This story was originally published on April 10, 2020. As part of MedPage Today’s review of the past year’s top stories, we are republishing it, along with an update on psoriatic arthritis, reviewing subsequent developments in 2020.
The monoclonal antibody guselkumab (Tremfya), which binds the interleukin (IL)-23 p19 subunit, was effective for psoriatic arthritis in two large clinical trials, providing comprehensive benefits for this heterogeneous disorder, investigators reported in The Lancet.

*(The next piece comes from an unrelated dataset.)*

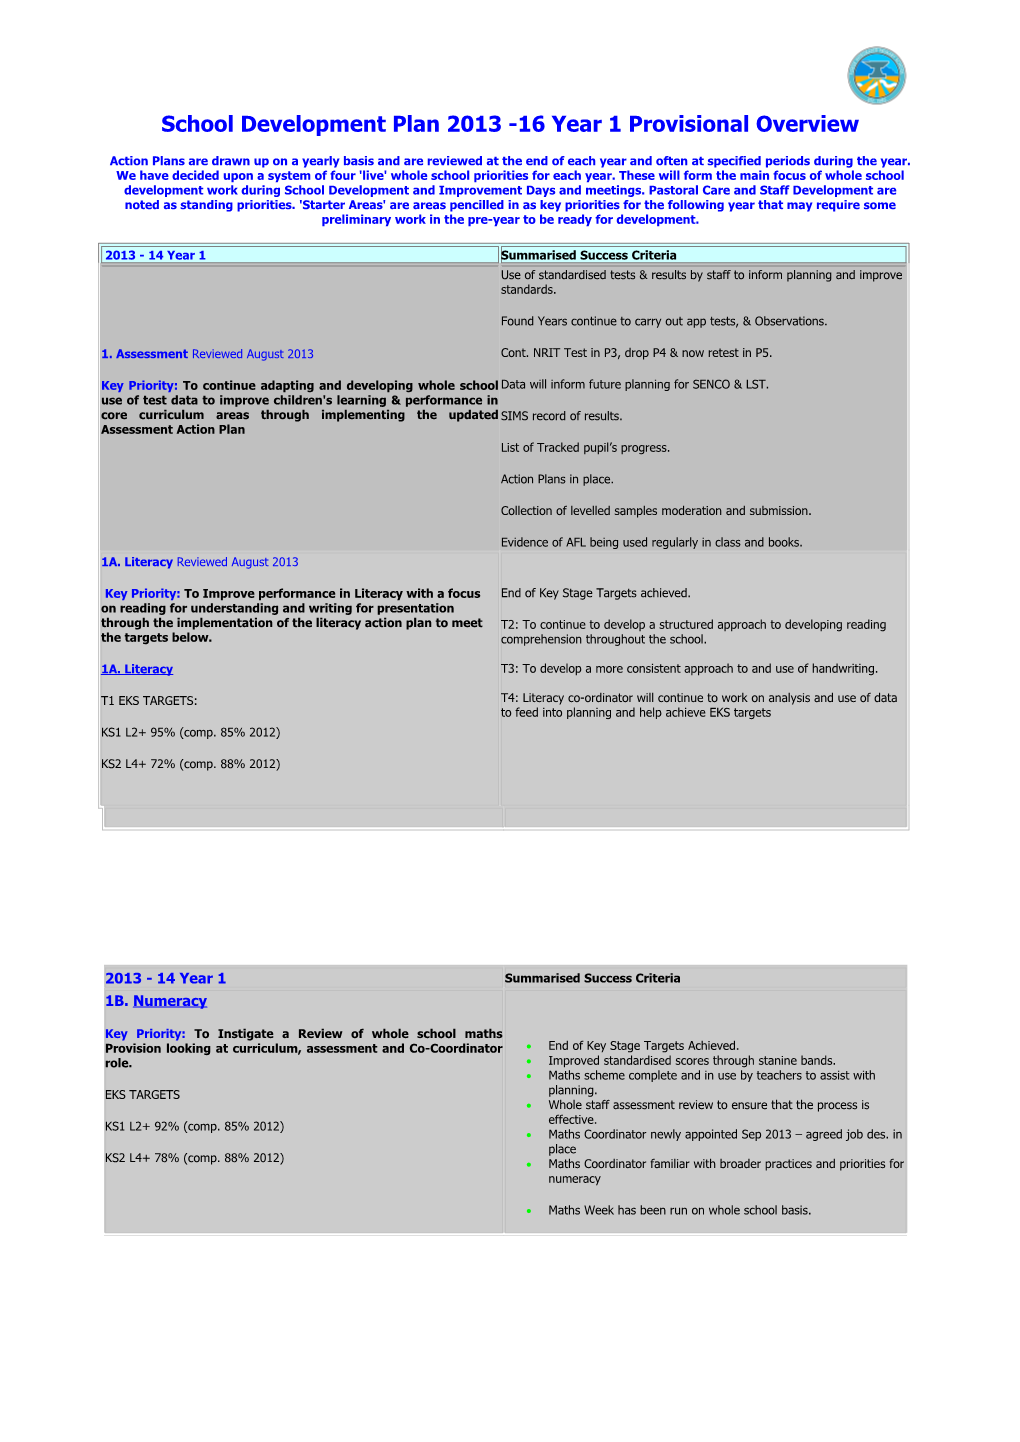 School Development Plan 2010 -13 Three Year Overview

In one of the trials, DISCOVER-1, a 20% improvement on the response criteria established by the American College of Rheumatology (ACR20) at week 24 was achieved by 59% of patients receiving 100-mg subcutaneous guselkumab every 4 weeks and by 52% of those given the monoclonal antibody every 8 weeks compared with 22% of those randomized to placebo. These represented differences versus placebo of 37% (95% CI 26%-48%, P<0.0001) and 30% (95% CI 19%-41%, P<0.0001), respectively, according to Atul Deodhar, MD, of Oregon Health and Science University in Portland, and colleagues.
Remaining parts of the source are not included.